The encoder-decoder model provides a pattern for using recurrent neural networks to address challenging sequence-to-sequence prediction problems, such as machine translation.
Encoder-decoder models can be developed in the Keras Python deep learning library and an example of a neural machine translation system developed with this model has been described on the Keras blog, with sample code distributed with the Keras project.
In this post, you will discover how to define an encoder-decoder sequence-to-sequence prediction model for machine translation, as described by the author of the Keras deep learning library.
After reading this post, you will know:
- The neural machine translation example provided with Keras and described on the Keras blog.
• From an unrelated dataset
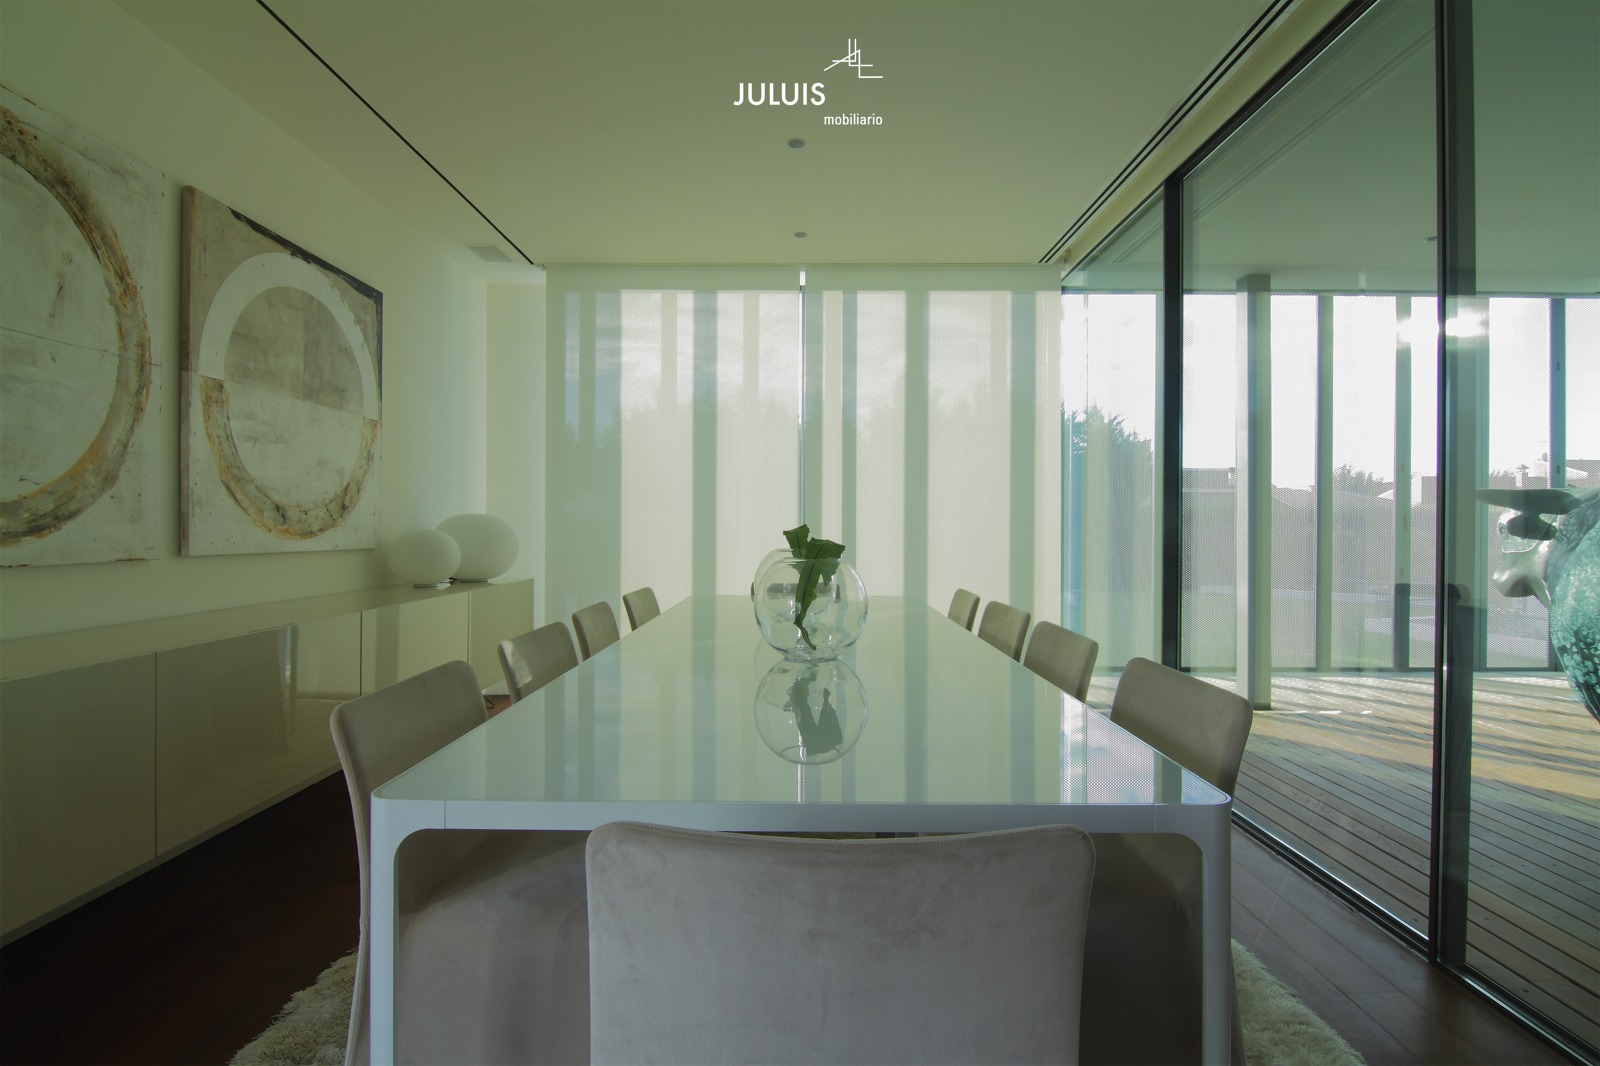 Juluis_Salon-comedor-Molteni-Flexform-09

- How to correctly define an encoder-decoder LSTM for training a neural machine translation model.
- How to correctly define an inference model for using a trained encoder-decoder model to translate new sequences.
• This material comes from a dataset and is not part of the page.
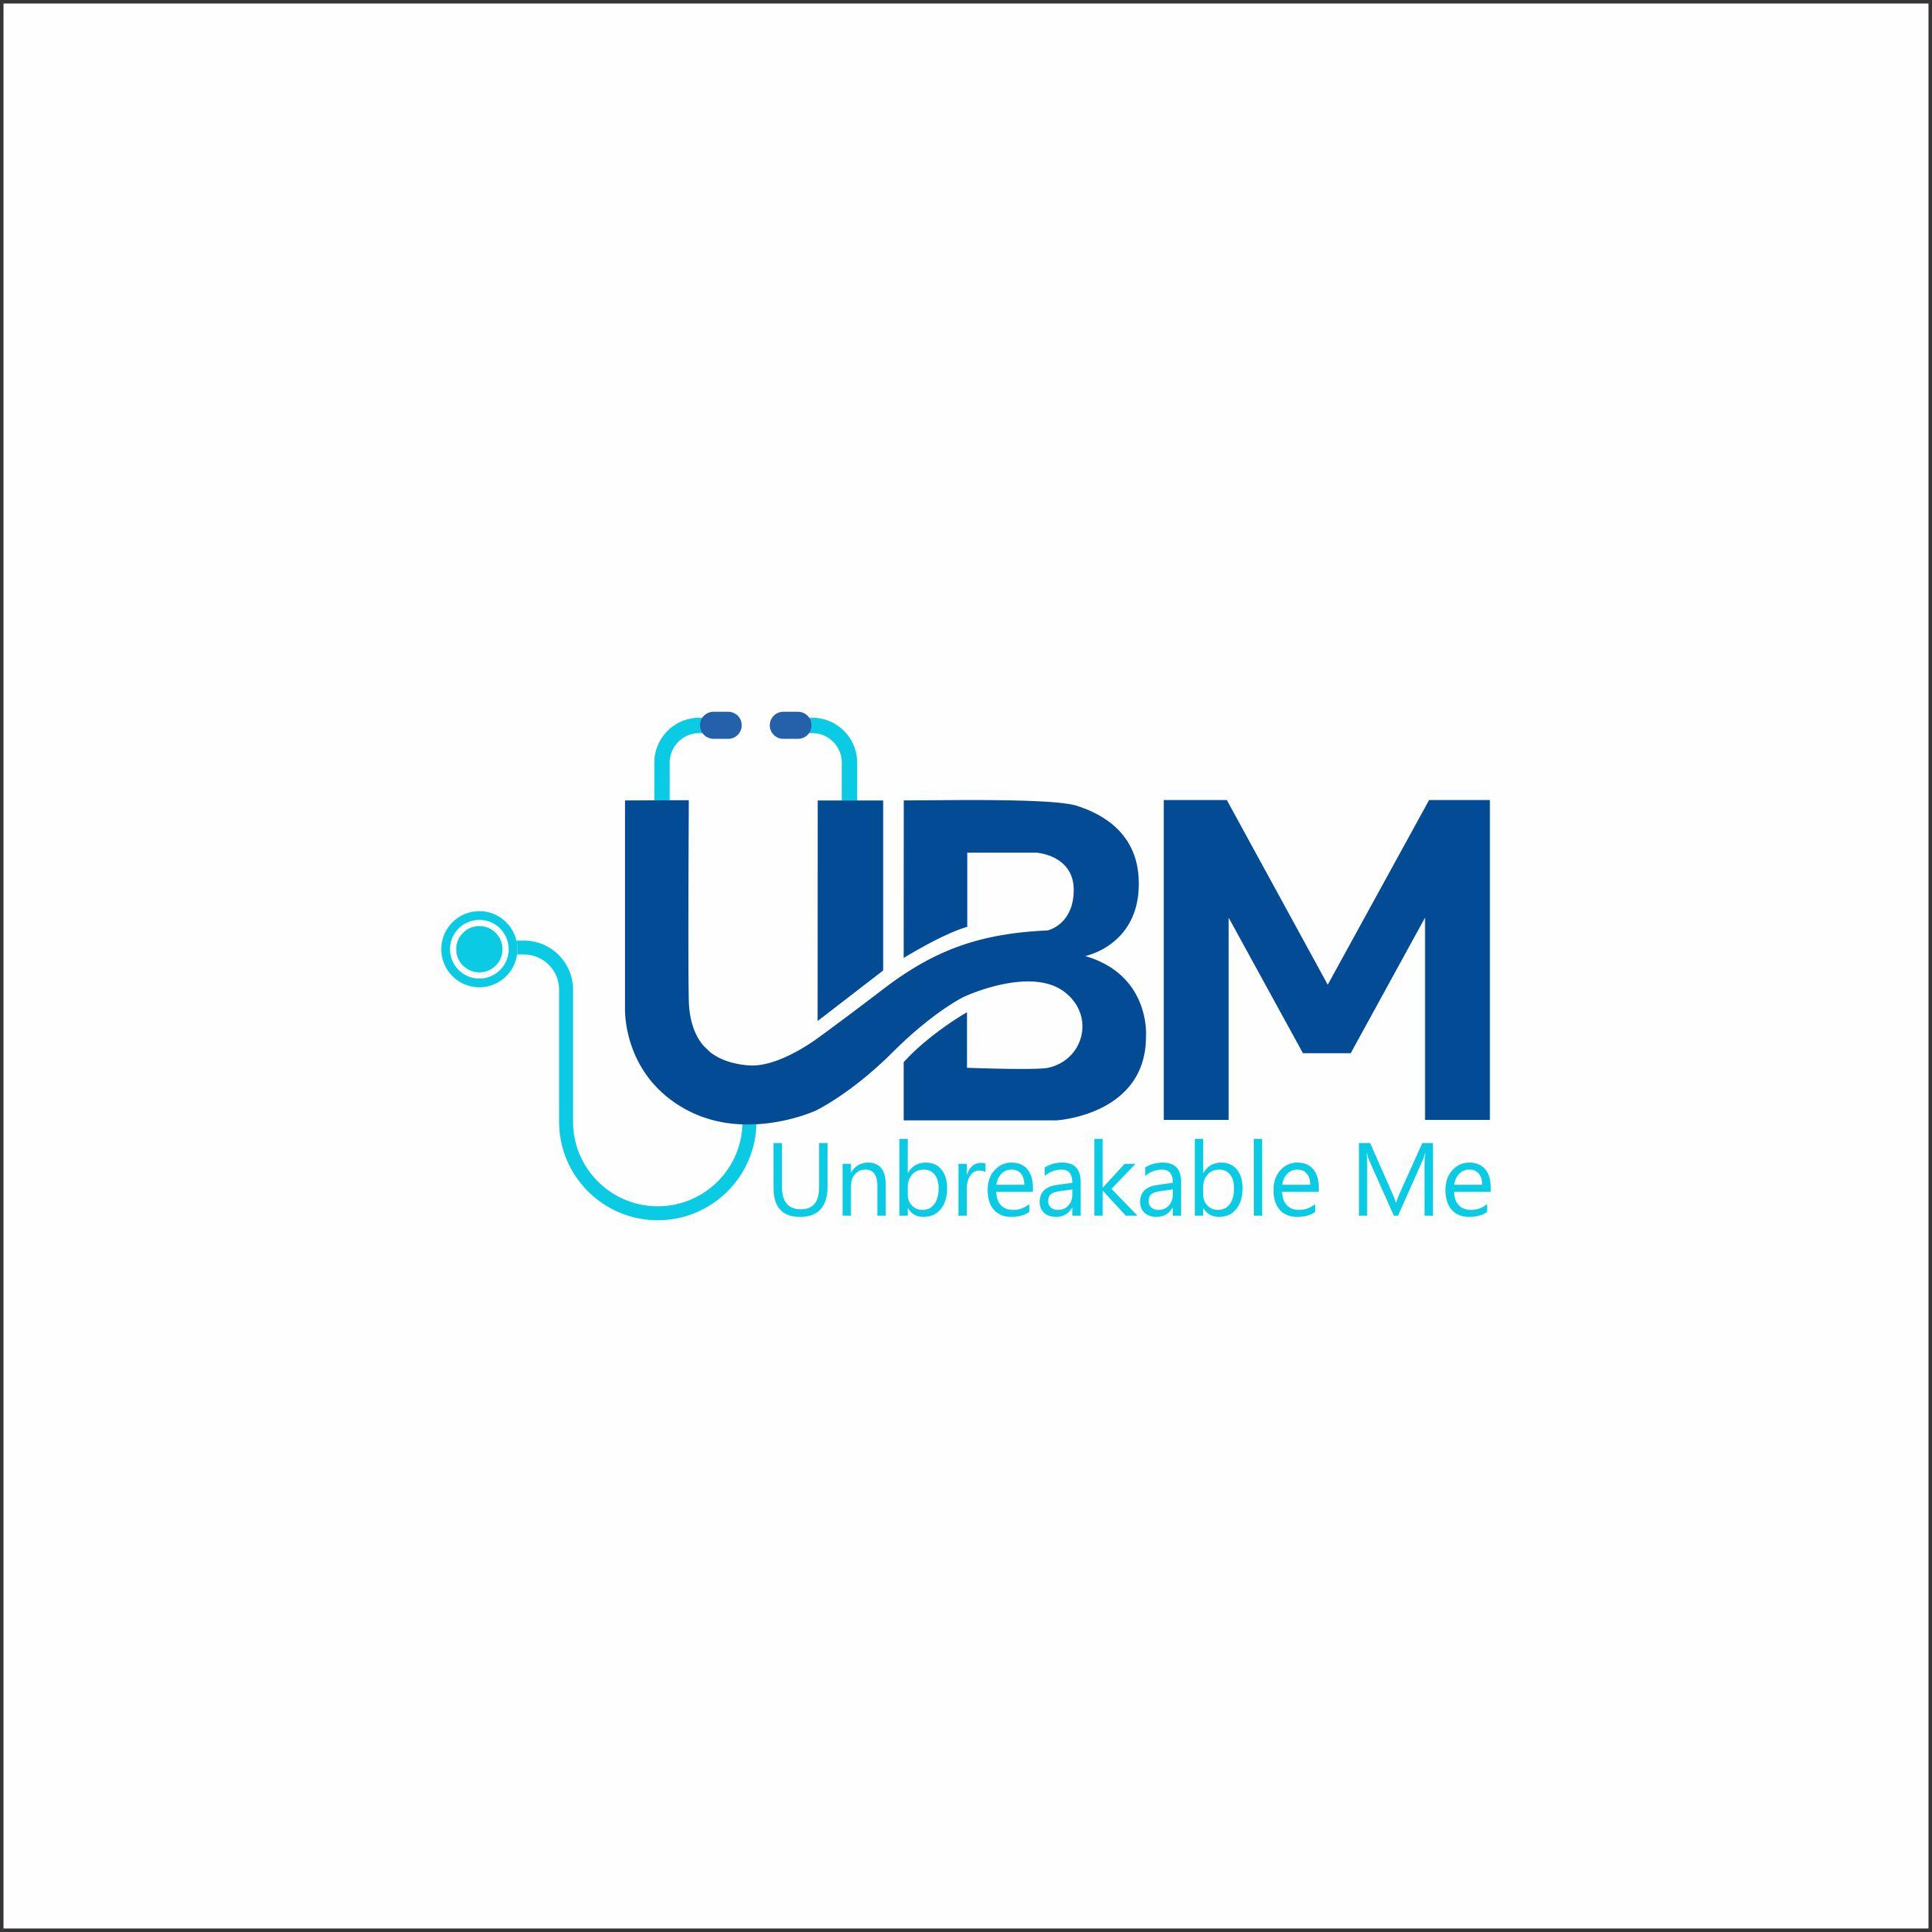 Unbreakable Me LLC

Kick-start your project with my new book Deep Learning for Natural Language Processing, including step-by-step tutorials and the Python source code files for all examples.
Let’s get started.
- Update Apr/2018: For an example applying this complex model, see the post: How to Develop an Encoder-Decoder Model for Sequence-to-Sequence Prediction in Keras
Sequence-to-Sequence Prediction in Keras
Francois Chollet, the author of the Keras deep learning library, recently released a blog post that steps through a code example for developing an encoder-decoder LSTM for sequence-to-sequence prediction titled “A ten-minute introduction to sequence-to-sequence learning in Keras“.
The code developed in the blog post has also been added to Keras as an example in the file lstm_seq2seq.py.
The post develops a sophisticated implementation of the encoder-decoder LSTM as described in the canonical papers on the topic:
- Sequence to Sequence Learning with Neural Networks, 2014.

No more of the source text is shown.